I stumbled across a really interesting article from March 2015 discussing the benefits of using crypto-currencies as privacy protectors online. More specifically, the article is about using Bitcoin as a privacy tool. It is from Pete Van Valkenburg and is titled “Bitcoin: Our Best Tool for Privacy and Identity on the Internet“.
I encourage you all to read the full document, it’s a pdf online and is only 17 pages. But if you want a quick synopsis, here’s my take on some of it.
Bitcoin as a Privacy Tool
Bitcoin, and all the other crypto-currencies, are incredibly proficient privacy-enhancement tools. It’s a really interesting development in technology, primarily because it is so new. It’s something that the average citizen does not know how it works. Something that is “foreign” to many who first read up on it.
But it’s also an advancement like we haven’t seen before: a decentralized currency. Sure, the exchanges aren’t, but many individuals are working to find ways to circumvent those problems, anyway. And for the more technical users, there are already numerous options.
Bitcoin provides a change in the power landscape of currency. Previously, it was held primarily by a central power. A government, or in the US—The Fed.
Likewise, with this central power came a lot of modern pains. Cash could usually not be traced, but in some instances it still can find its way back a lot of hands (if the Secret Service desires it).
Credit cards and banking cards are a whole different beast. They can trace back everything.
Consider this from the article:
Privacy is fundamental to free speech, diversity, creativity, and democratic self governance. Intuitively, we modify our behavior whenever we know or fear that we are being observed. We abstain from some activities in which we’d otherwise engage or conform to modes of acting we’d otherwise eschew. Simply put, when we are observed, we become culturally and intellectually homogenized; we go mainstream. This phenomena has been intuited by scholars and writers for centuries.
More recently – chilling effects have been observed empirically. Chilling effects are by no means benign or marginal. We lose more than a vibrant counterculture when a lack of privacy causes citizens to avoid associations or transactions that are not mainstream. Homogenization means less technological innovation, less scientific discovery, and fewer diverse voices in politics.
The Problem Goes Deeper
When you consider that banks and credit cards use a “pull” system (IE: Your data gets transmitted through numerous parties when you swipe your card, it is “pulled” from the systems to ensure a transaction) it puts your information at risk.
As evidenced by the banks and credit hackings (in the article they reference JP Morgan), a lot of very important data regarding people’s personal lives can be lost relatively easily.
And if this is done, it causes many individuals to change their normal attitudes or behaviors. To change their spending habits, who they purchase from, who they donate to. “We go mainstream”.
Bitcoin can get past these issues that centralized currency cannot.
Conclusions
I’m not saying Bitcoin should overtake the regular currency, but it is something that we should give significant weight toward being an important piece of technology looking toward the future. I’m hoping more similar alternatives will arise as well, so Bitcoin does not have a solo monopoly.

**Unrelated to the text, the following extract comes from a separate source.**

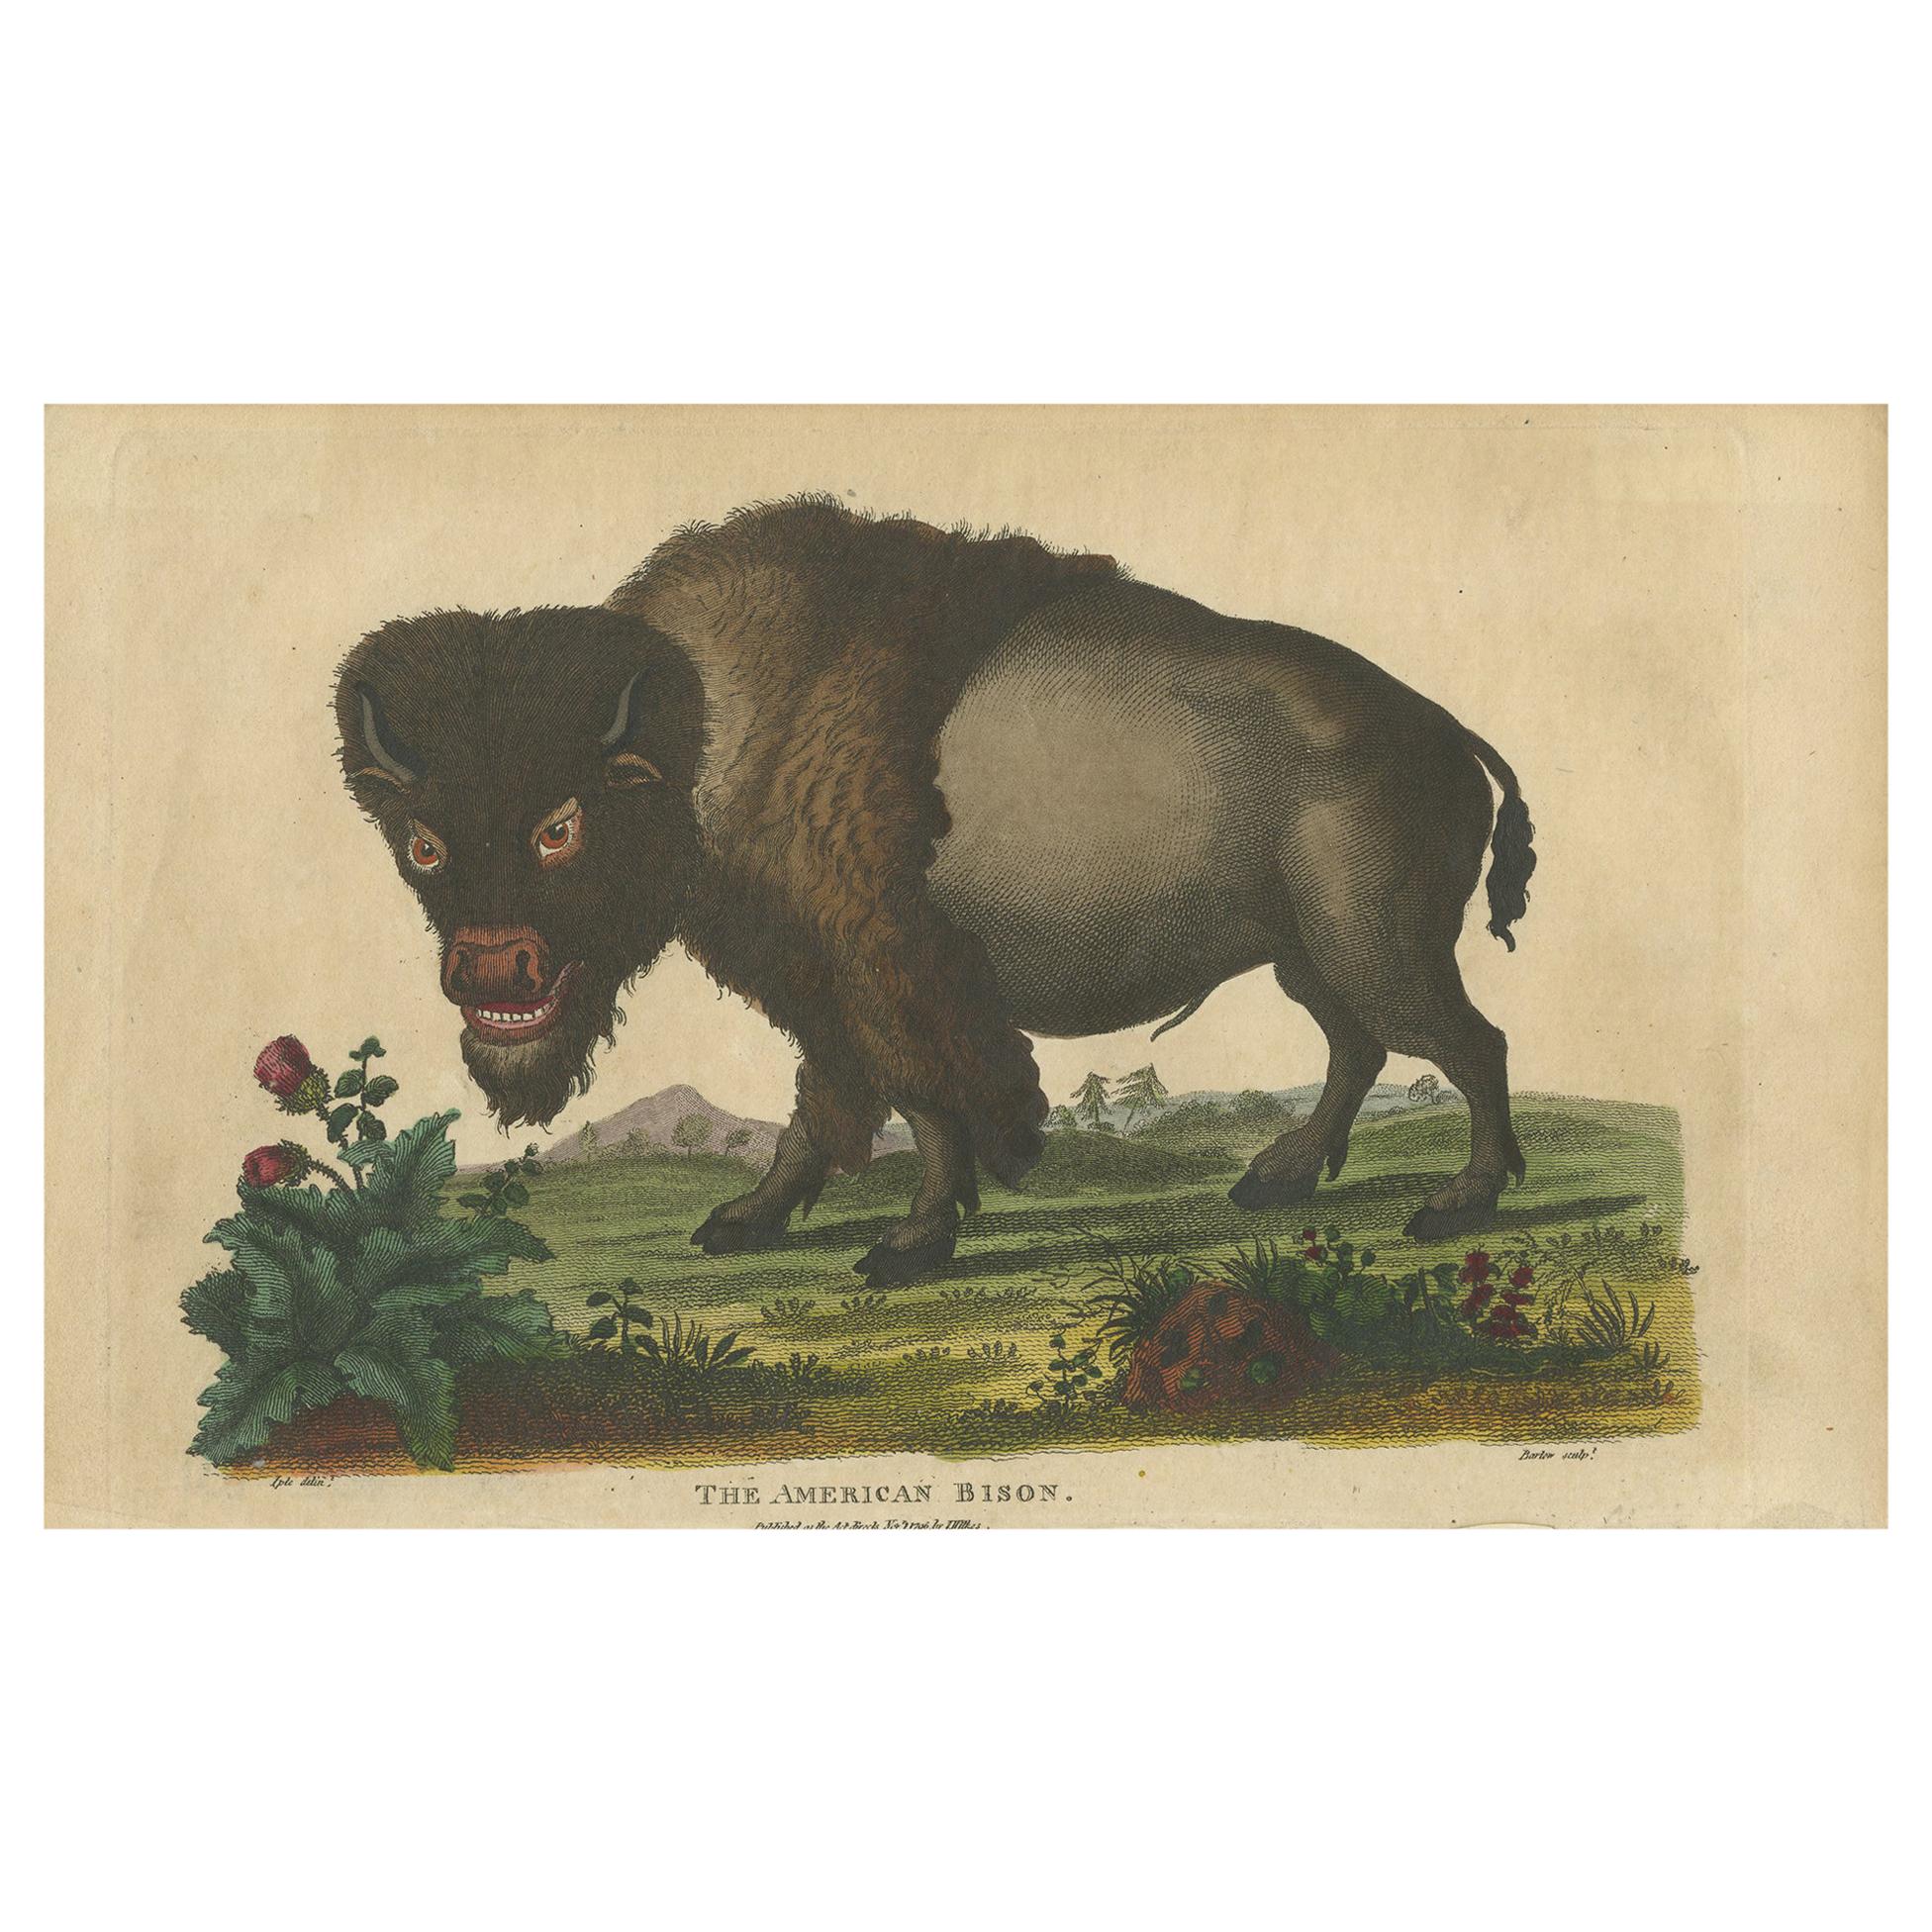 Antique Print of an American Bison by Wilkes, 1796

Check out the article yourself. Here is the abstract:
Financial privacy is an umbrella term for both data security and privacy. We can think of security as the ability to hide information from all comers and privacy, following Nissenbaum’s concept of contextual integrity, as the ability to shape how we selectively reveal information and how it is used after revelation.
Poor security and poor privacy have costs: identity theft, merchant compliance costs, chilling effects on speech and cloaking costs from user self-help. Cryptocurrencies, such as Bitcoin, can be used to improve security and grant users more granular control over when and how they choose to identify themselves.
We outline these potential benefits and describe how they can be achieved without hamstringing the investigatory powers of law enforcement or the goals of financial regulators.